Because the language of independence is politically safer than admitting you want to control it. He's saying the Fed has already lost its independence to its own bureaucratic interests—the spending, the staffing bloat, the regulatory overreach. So he's not attacking independence; he's claiming to restore it by stripping away what he sees as corruption.
But isn't the real goal just to get rate cuts?
That's part of it, yes. Trump wants lower rates for economic stimulus before the next election. But Bessent's critique goes deeper—he's questioning whether the Fed should have rate-setting power at all. That's not just about one cycle of cuts. That's about fundamentally reordering who controls monetary policy.
What happens if the Fed actually loses that power?
Congress would have to take it back or delegate it elsewhere. That's a massive shift. Right now the Fed is insulated from short-term political pressure precisely because it controls rates. If that power moves, the central bank becomes just another agency that answers to elected officials.
Is there any merit to Bessent's spending criticisms?
Possibly some. Central banks do spend money, and it's fair to ask whether it's efficient.
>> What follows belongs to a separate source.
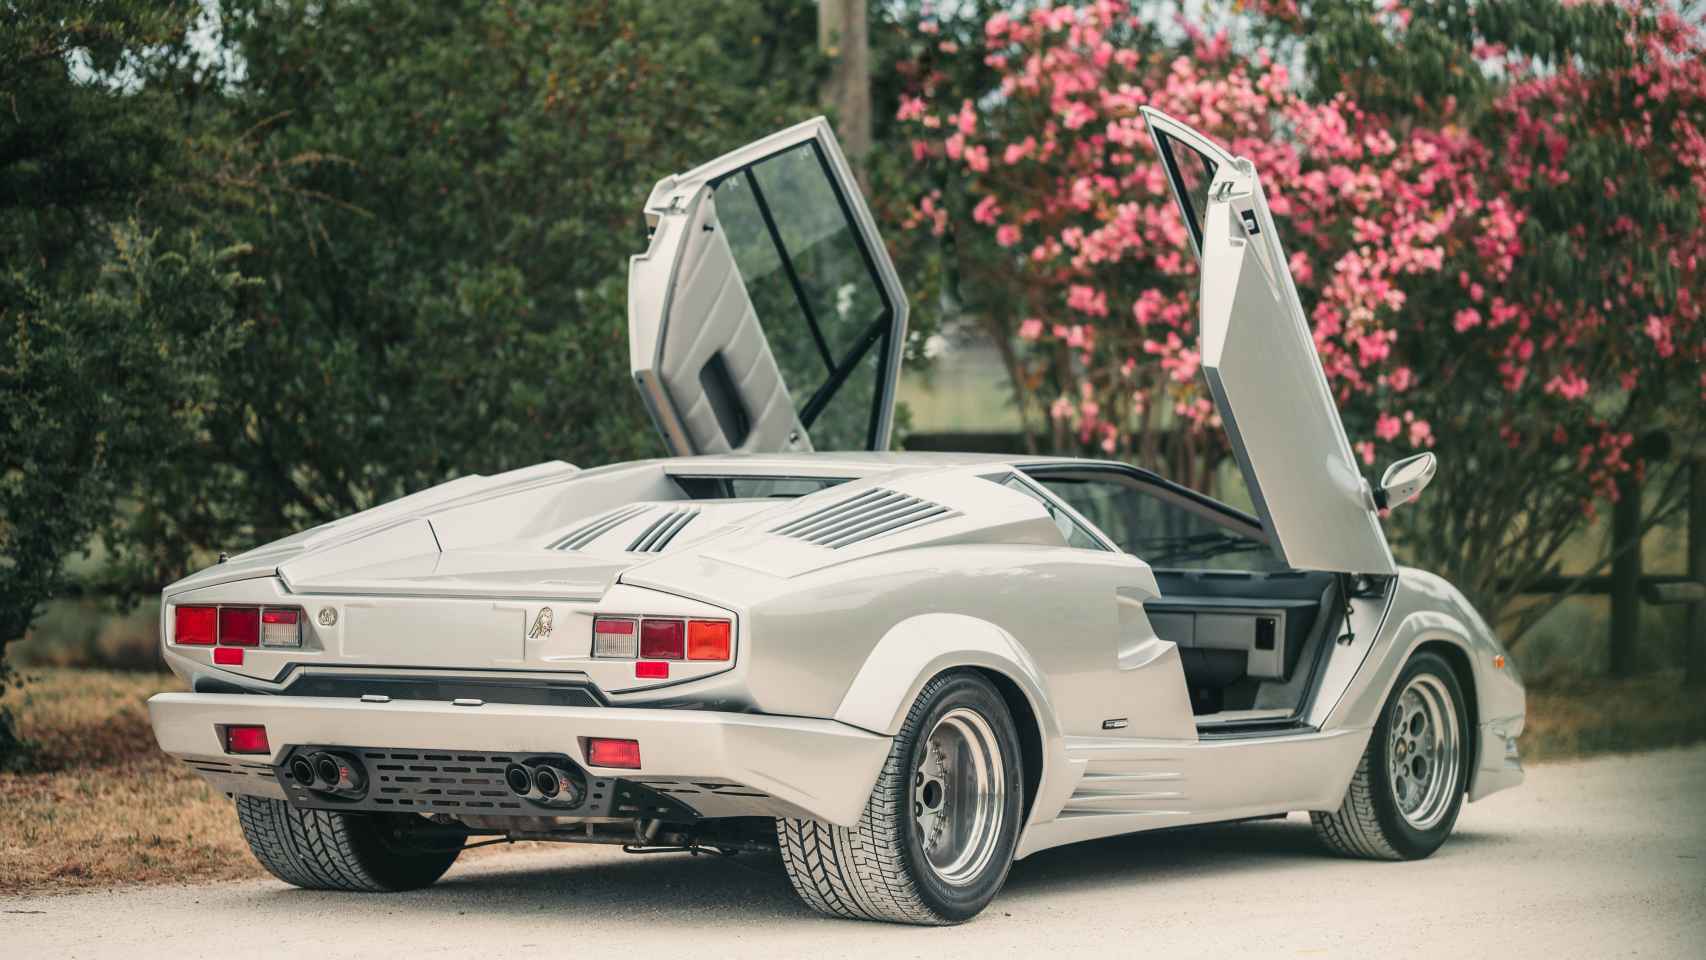 Lamborghini Countach 25 aniversario

But the real issue isn't the headquarters renovation—it's that these criticisms are being weaponized to justify removing the Fed's independence. The spending argument is the wedge.
What about the candidates Trump is considering for Powell's replacement?
They're not random. Warsh wants regime change. Waller already dissented on rate decisions. Miran is taking unpaid leave from his White House job to serve on the Fed board. These are people selected because they'll move policy in a specific direction, not because they're the most qualified to manage the economy.
Can the Fed actually resist this?
It's already weakened. Cook is being removed. Miran is being installed. The chair's term expires in May 2026, which is soon. The Fed has institutional credibility and a legal mandate, but credibility erodes when you're under sustained political assault, and mandates can be rewritten by Congress.